__WHAT THIS TASK INVOLVES__: Return all of the listing word for word; the pictures stay out.

__INFORMATION SUPPLIED__:
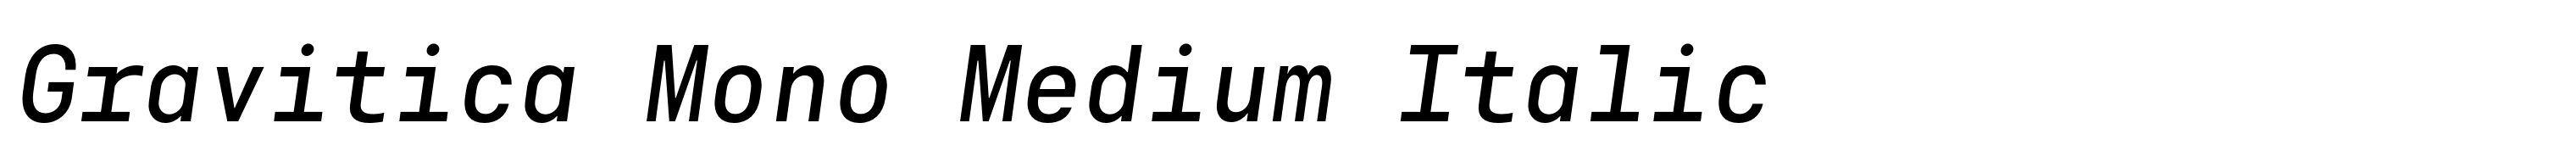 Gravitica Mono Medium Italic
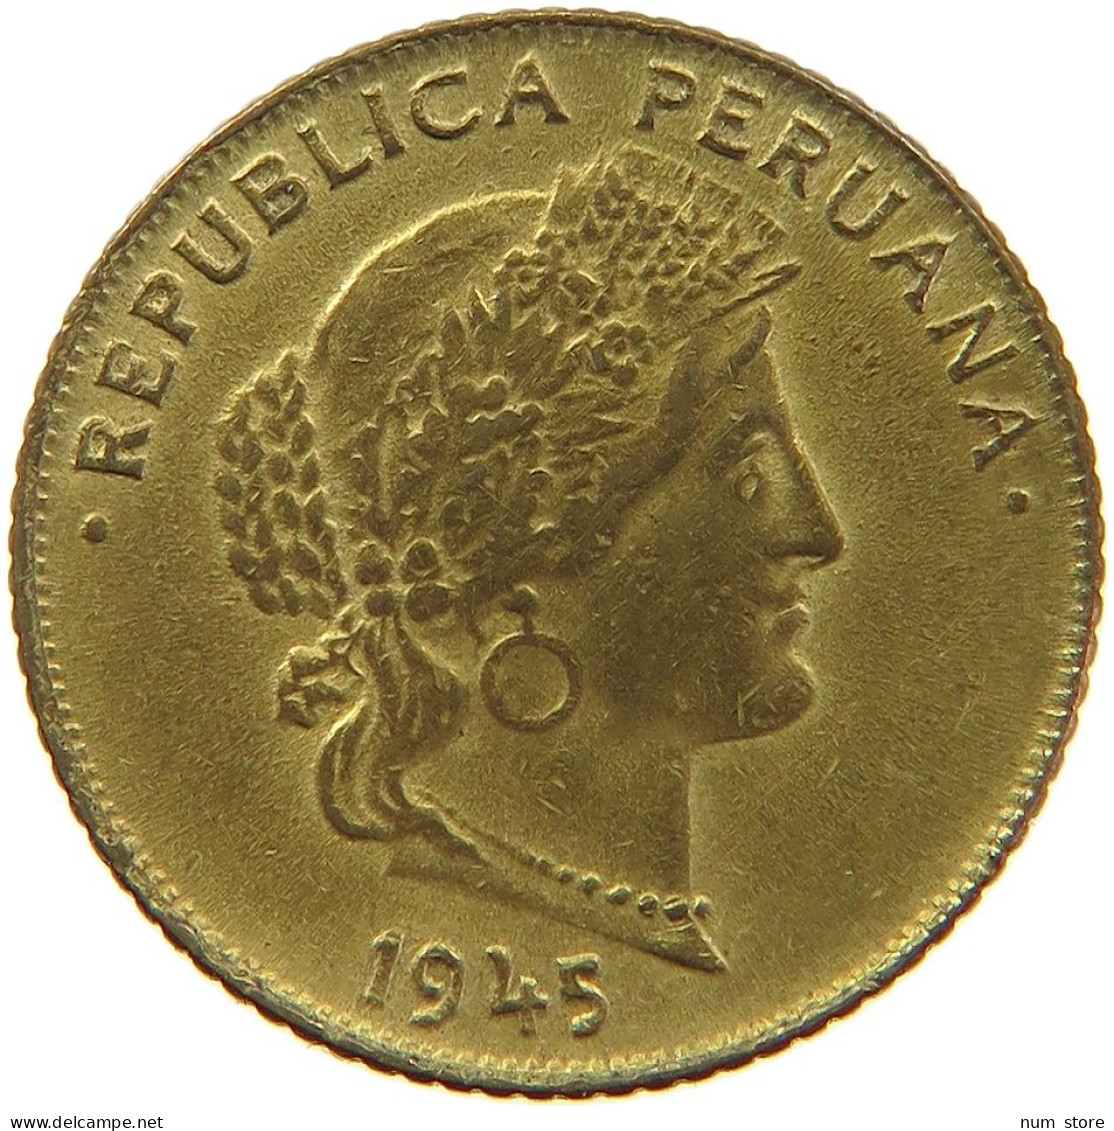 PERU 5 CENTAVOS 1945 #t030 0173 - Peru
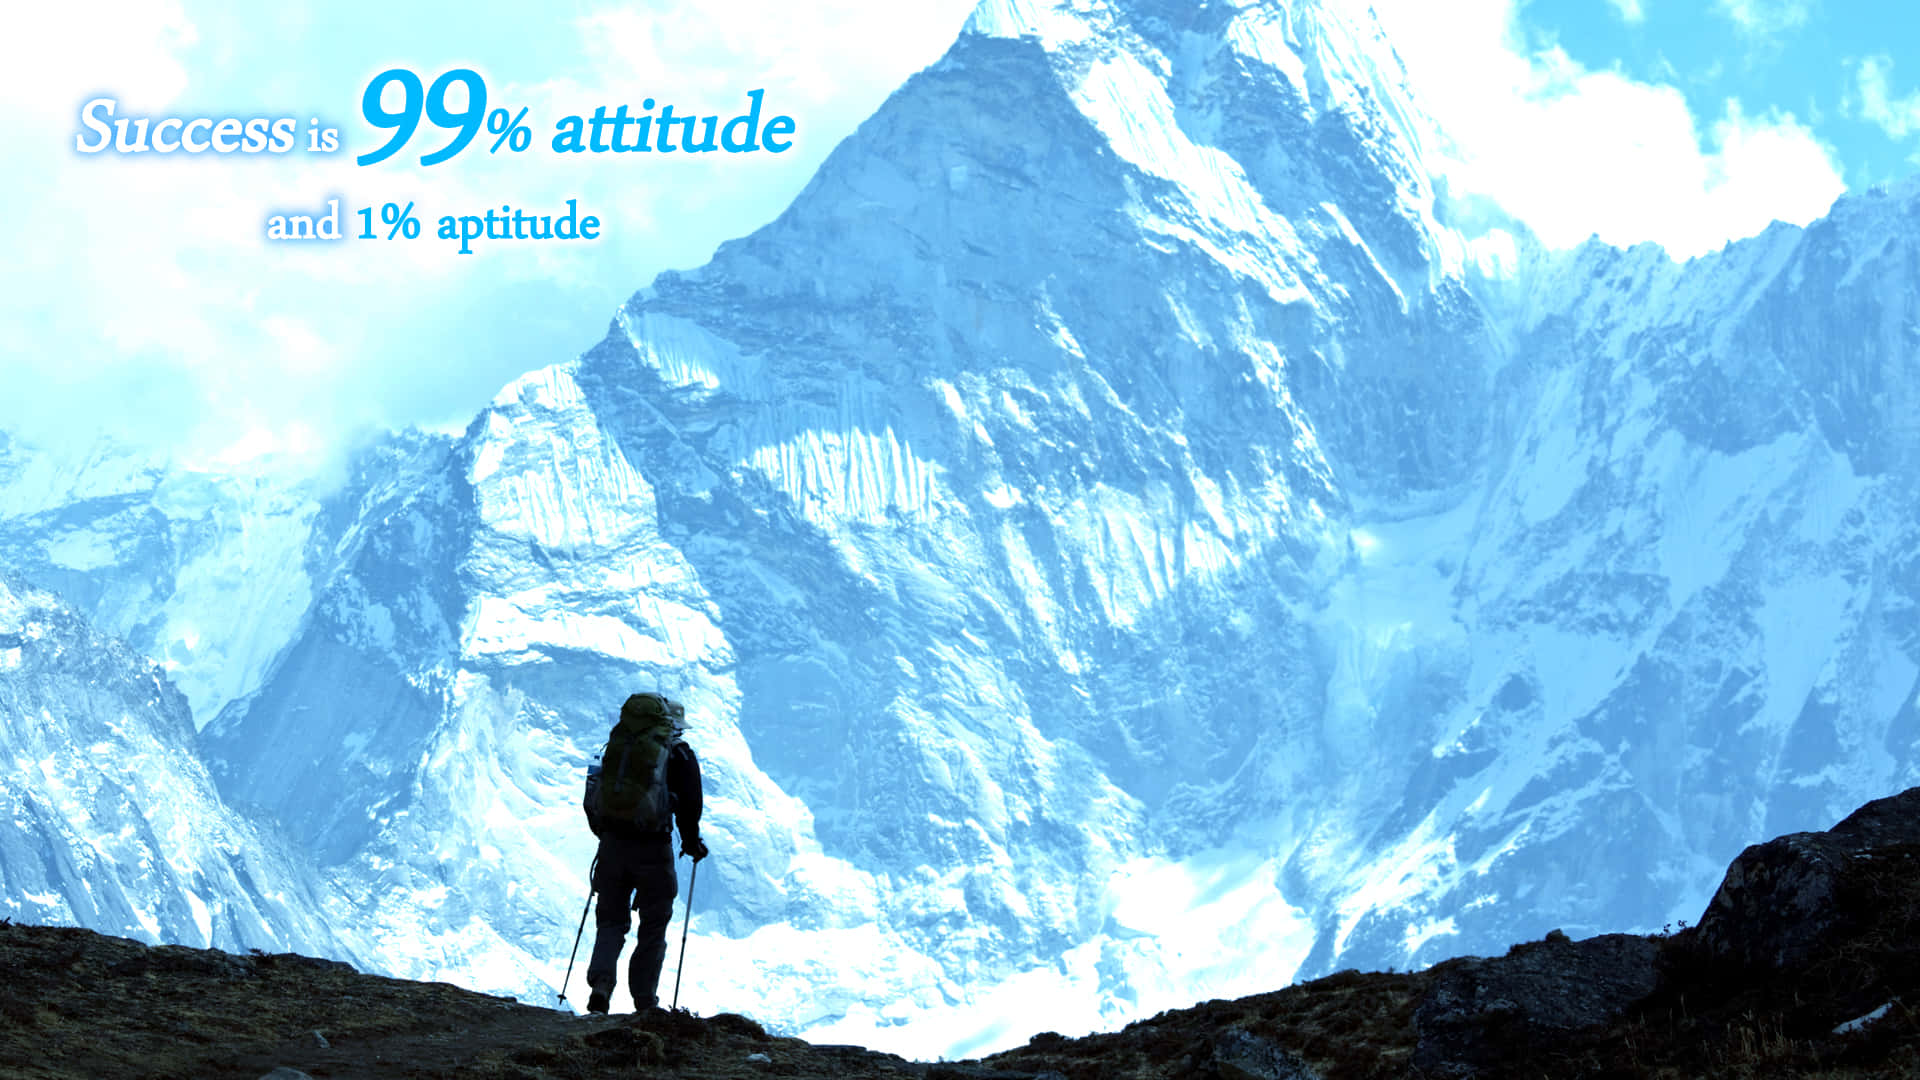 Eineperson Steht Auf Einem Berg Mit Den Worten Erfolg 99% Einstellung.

__SOLUTION BELOW__:
 Gravitica Mono Medium Italic
 PERU 5 CENTAVOS 1945 #t030 0173 - Peru
 Eineperson Steht Auf Einem Berg Mit Den Worten Erfolg 99% Einstellung.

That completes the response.